The usual definition of a series of nonnegative terms is as the supremum of the sums over finite subsets of the index set, $$\sum_{i\in I} x_i=\sup\biggl\{\sum_{j\in J}x_j:J\subseteq I\mbox{ is finite}\biggr\}.$$ (Note this definition does not quite work in general for series of positive and negative terms.)

The point then is that is $a< x<y< b$ and $F\!:[a,b]\to\mathbb R$ is increasing, then $$ F(a)\le F(x^-)\le F(x^+)\le F(y^-)\le F(b). $$ It follows from this that if $J\subset (a,b)$ is a finite set of discontinuities of $F$, then $$ \sum_{z\in J}F(z^+)-F(z^-)\le F(b)-F(a) $$ and therefore the same holds for the sum $S $ over all discontinuity points of $F$ in $(a,b)$. One way to think about this is to note that the (finitely many) intervals $(F (z^-),F (z^+)) $, $z\in J $, are pairwise disjoint and are all contained in $(F (a), F (b))$, so the sum of their lengths is at most the length of the whole interval.
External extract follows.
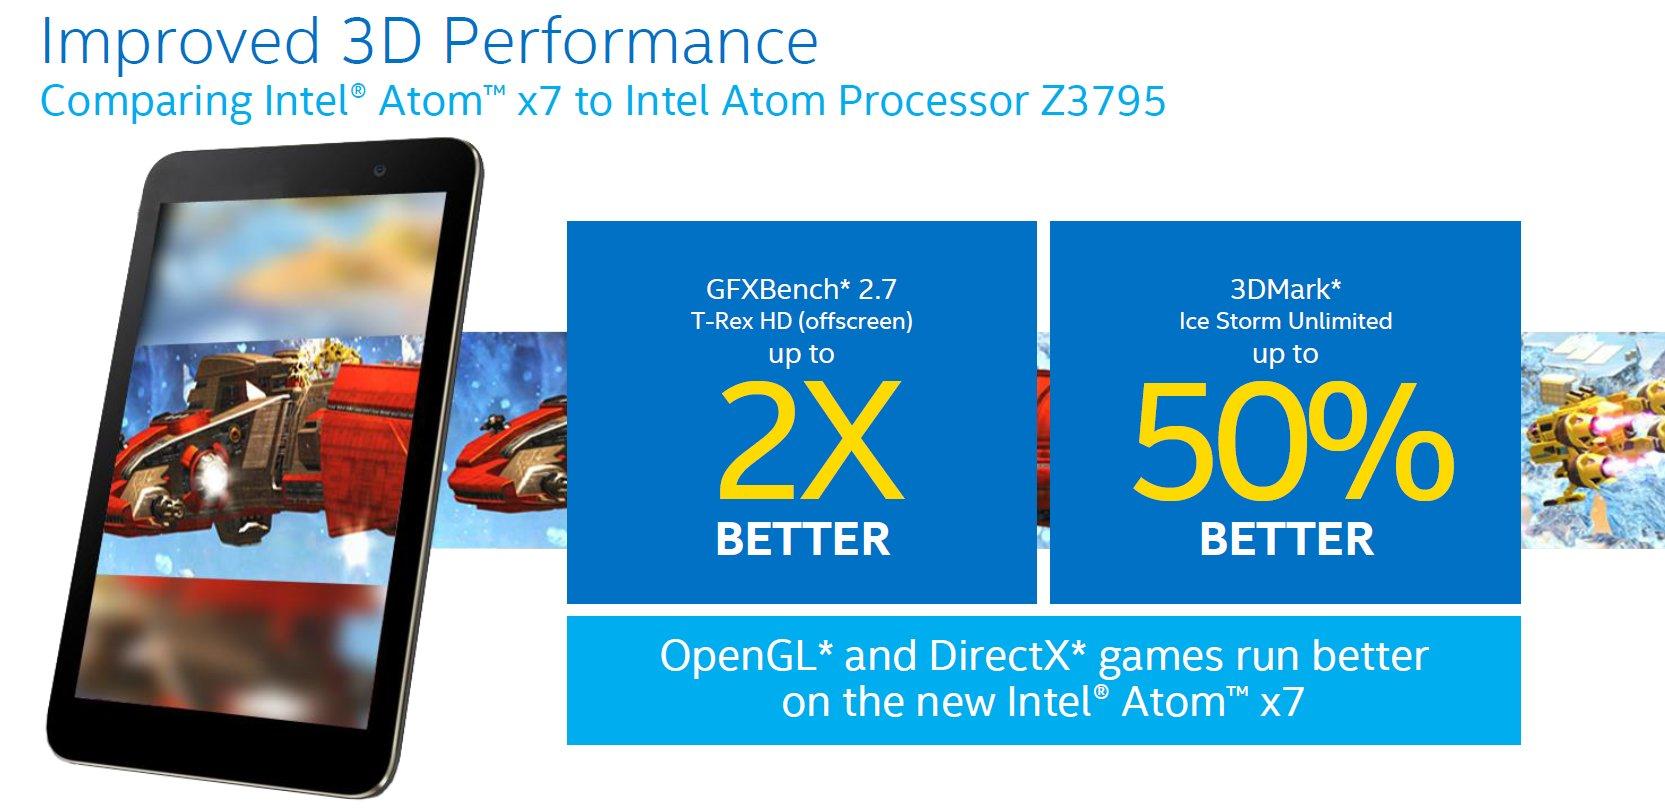 Grafik bei Cherry Trail laut Intel deutlich schneller

Now, if $x$ as above is actually a discontinuity point of $F$, then the inequality $F(x^-)<F(x^+)$ is strict. It follows from this that the sum I called $S $ above is over a countable index set, since any series of uncountably many positive terms diverges.
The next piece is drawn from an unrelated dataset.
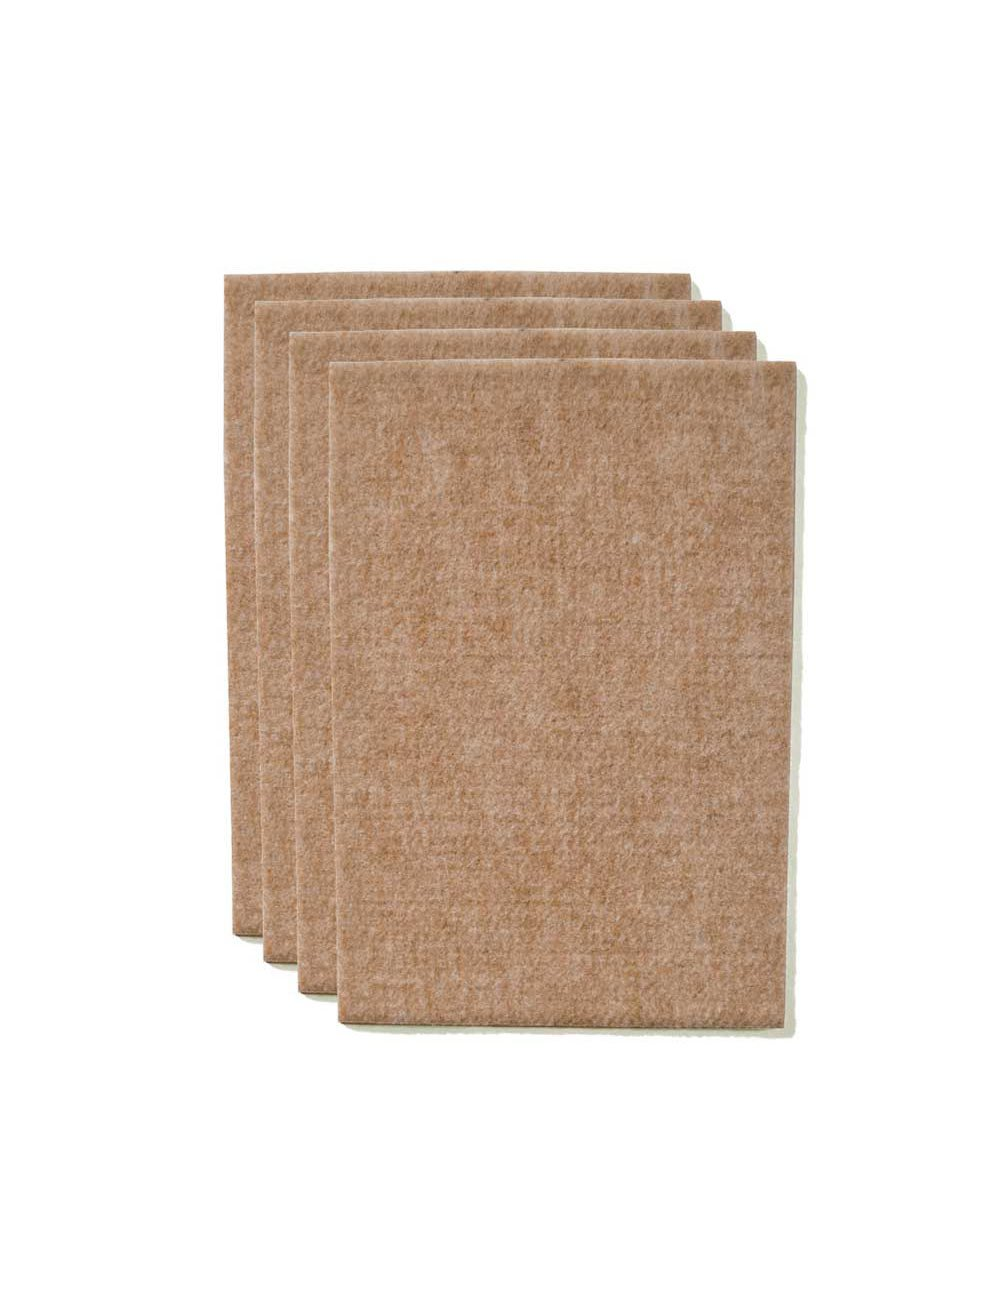 The Felt Store Taglio di Pattini Feltrini Pellicole Protettivi Tappetini di feltro per gambe delle sedie, tavole, mobilia, circa 11 cm x 15 cm x 0,5 cm autoadesivo, beige, molto durabile – 4 fogli molto durabile - 4 fogli

Note that I did not include $a$ or $b$ in the above, but of course this does not change the conclusion that the set of discontinuities of $F$ in $[a,b]$ is countable. If we include them, then we need to use the convention that $F(a^-):=F(a)$ and $F(b^+):=F(b)$. With this convention the same conclusion (with the same bound) holds: If $D$ is the set of discontinuity points of $F$ in $[a,b]$, then $$ S=\sum_{x\in D}F(x^+)-F(x^-)\le F(b)-F(a). $$

Naturally, the same conclusion (that $D$ is actually countable) follows if $F$ is defined not just in a finite interval but on an unbounded one (even on $\mathbb R$), by noting that $\mathbb R=\bigcup_{N\in\mathbb N}[-N,N]$.

Answer 3

You're right, every discontinuity corresponds to a jump $F(x^-)\to F(x^+)$, and because $(F(x^-),F(x^+))\subset\mathbb{R}$ is an open interval, there is some rational in this interval. Also for the case of an unbounded monotone function, we can assume to the contrary there are uncountable many of these jumps, and find uncountable many rationals (by monotonicity the intervals $(F(x^-),F(x^+))\subset\mathbb{R}$ are disjoint), which is the desired contradiction. Indeed the proofs are really similar and your proof for the bounded case is easily generalized.